2. The method of claim 1 where the reaction tree is determined by
examining intermediates.
3. The method of claim 2 where said intermediates are created using
enzymes.
4. The method of claim 3 where there is one enzyme used to create
said intermediates.
5. The method of claim 3 where two or more enzymes are used to
create said intermediates.
6. An apparatus for determining the purity of a sample comprising:
(a) means for obtaining the mass spectrum of a sample; (b) means
for grouping peaks of said mass spectrum into categories; and (c)

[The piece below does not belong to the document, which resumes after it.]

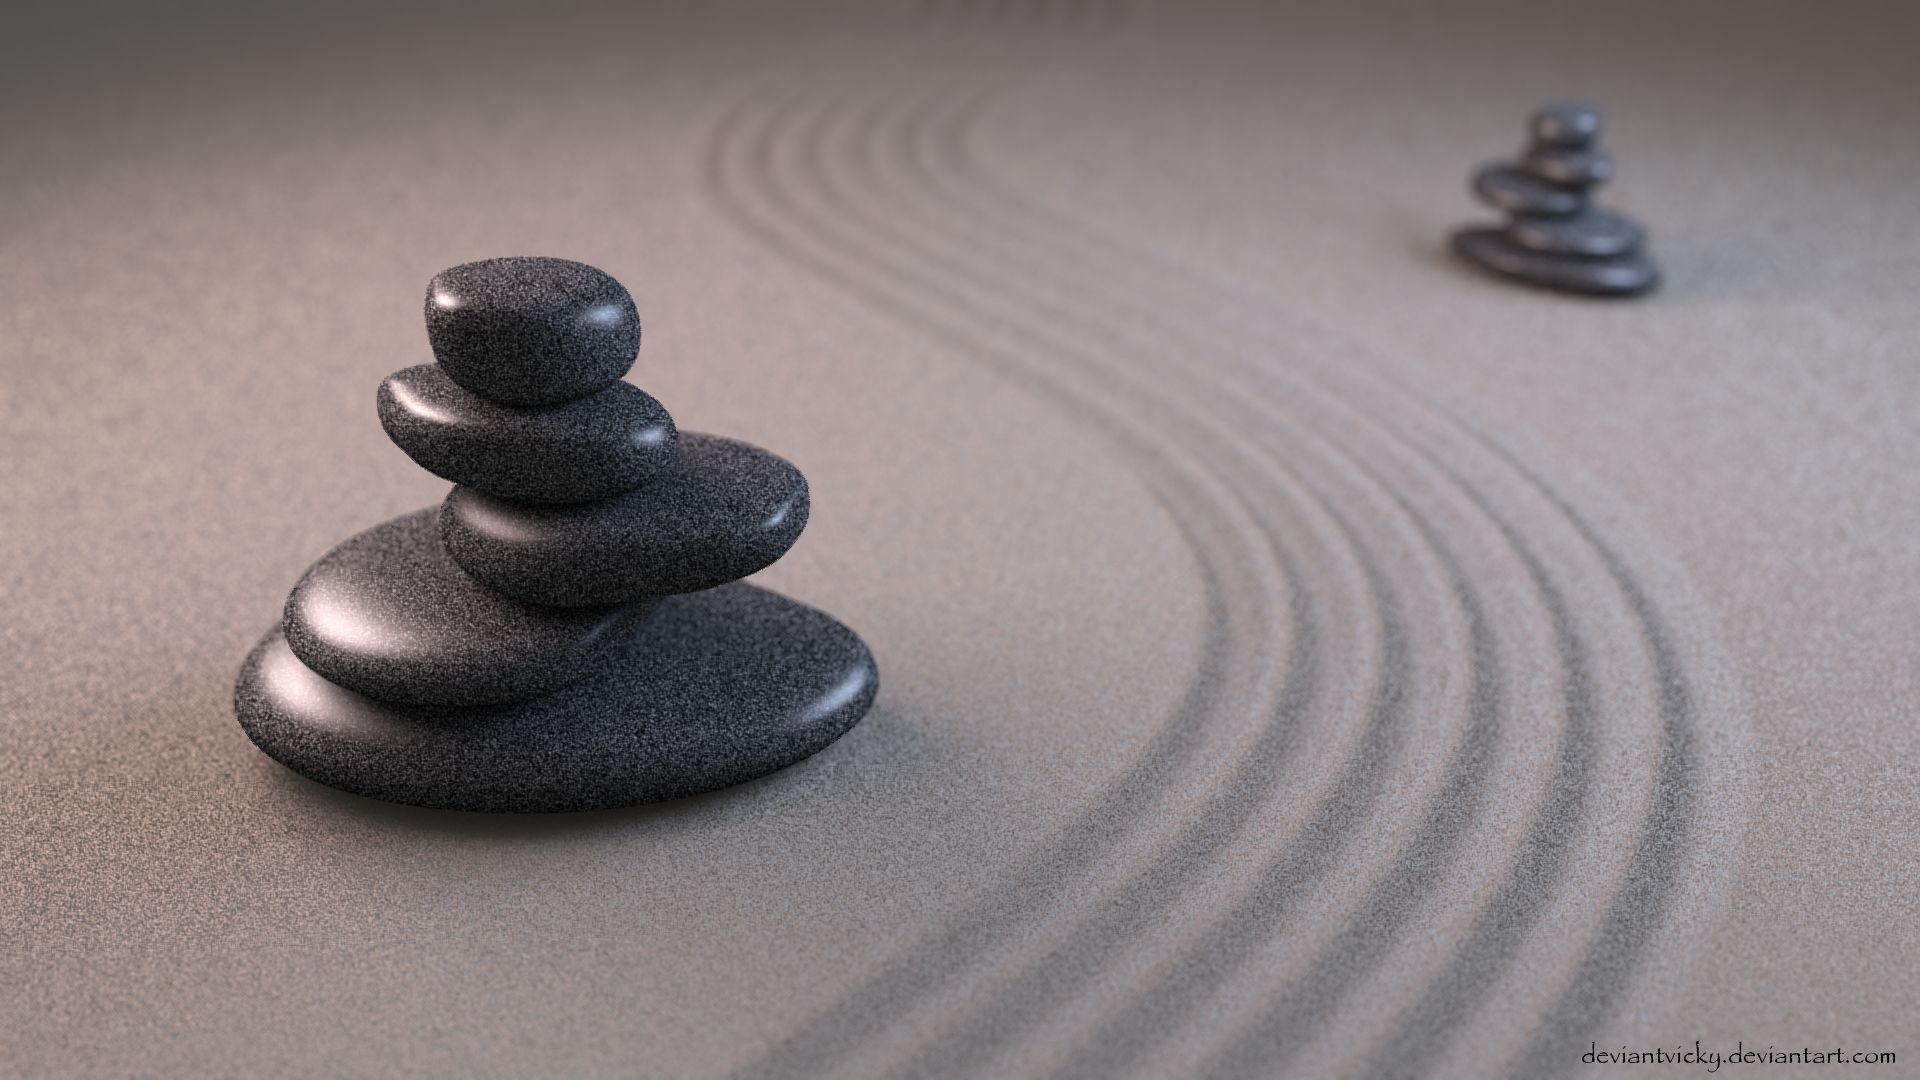 39 Zen HD Wallpapers | Backgrounds - Wallpaper Abyss - Page 2
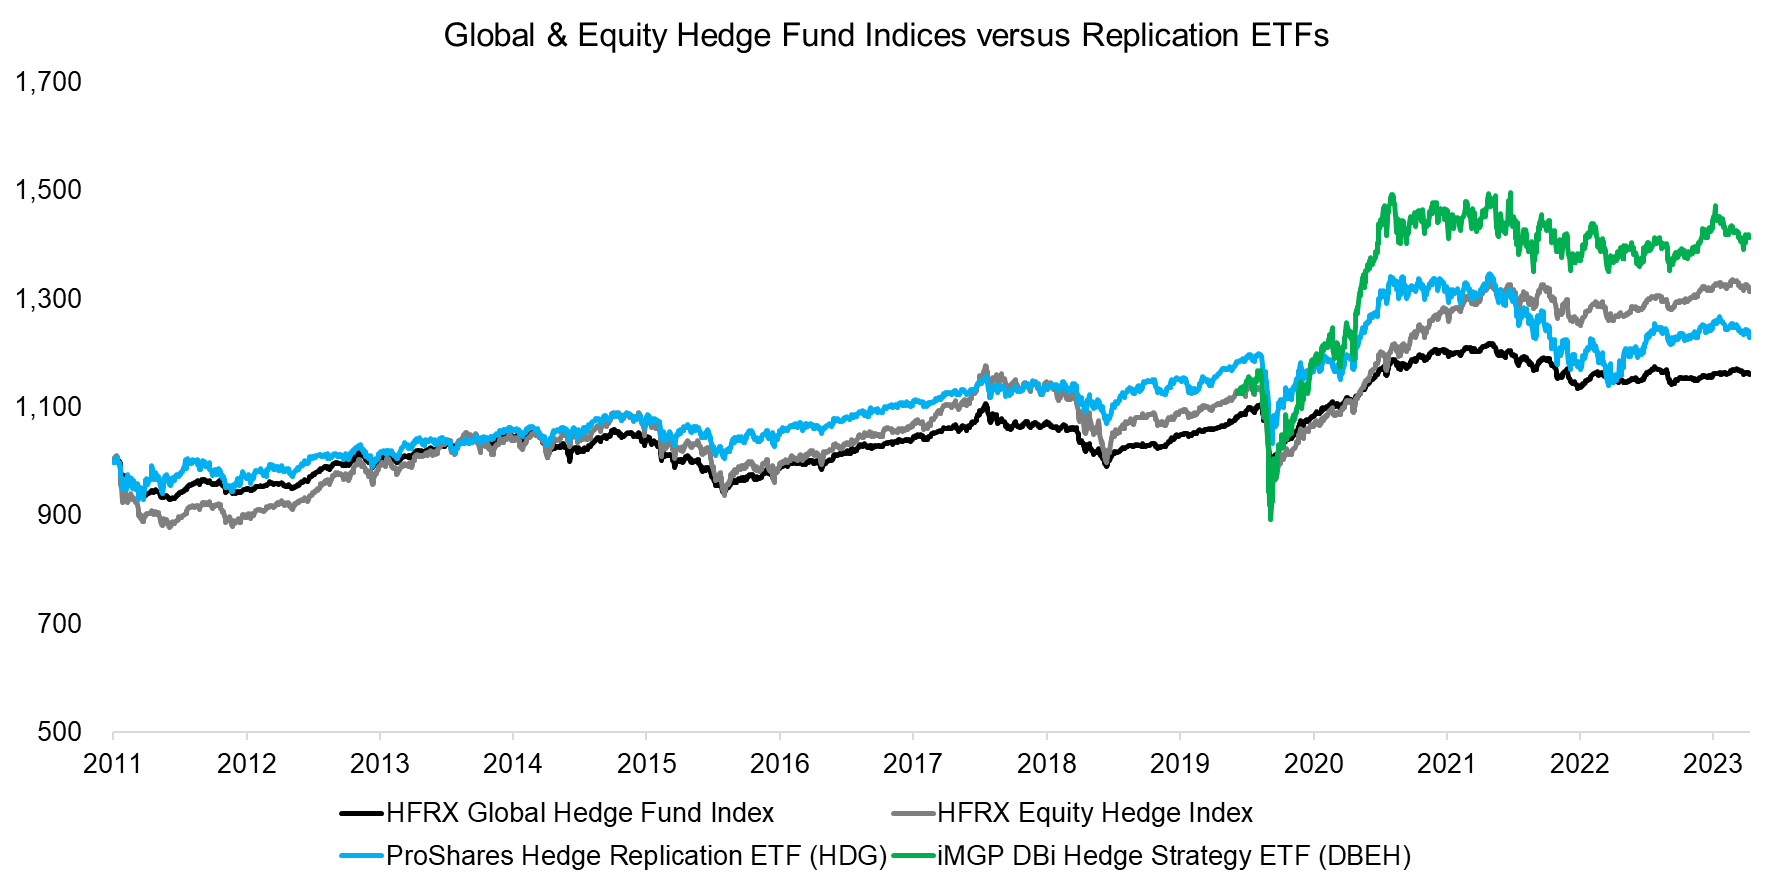 Global & Equity Hedge Fund Indices versus Replication ETFs

means for determining the number of categories in said sample.
7. The apparatus of claim 6 wherein said categories comprise
reaction trees.
8. The apparatus of claim 6 wherein said means for obtaining a mass
spectrum comprises mass spectroscopy.
9. The apparatus of claim 8 wherein said mass spectroscopy is
performed on a sample which has undergone an enzymatic
digestion.
10. In a computer system having a graphical interface including a
display device and a selection device, a method of displaying
information on the display device in a menu form and accepting menu
selection input from a user, the method comprising: retrieving a
set of menu entries for the menu, each of the menu entries
representing a method to perform upon mass spectra of samples;
displaying the set of menu entries on the display device;
displaying a set of parameters on the display device; providing the
user an opportunity to modify said set of parameters; receiving an
indication of a menu entry selection from the user via the
selection device; and in response to said indication of a menu
entry selection, performing a method on said mass spectra of
samples to determine purity of said samples based on said set of
parameters and said set of menu entries.
11. The computer system of claim 10, wherein said parameters
comprise section for the size of .epsilon..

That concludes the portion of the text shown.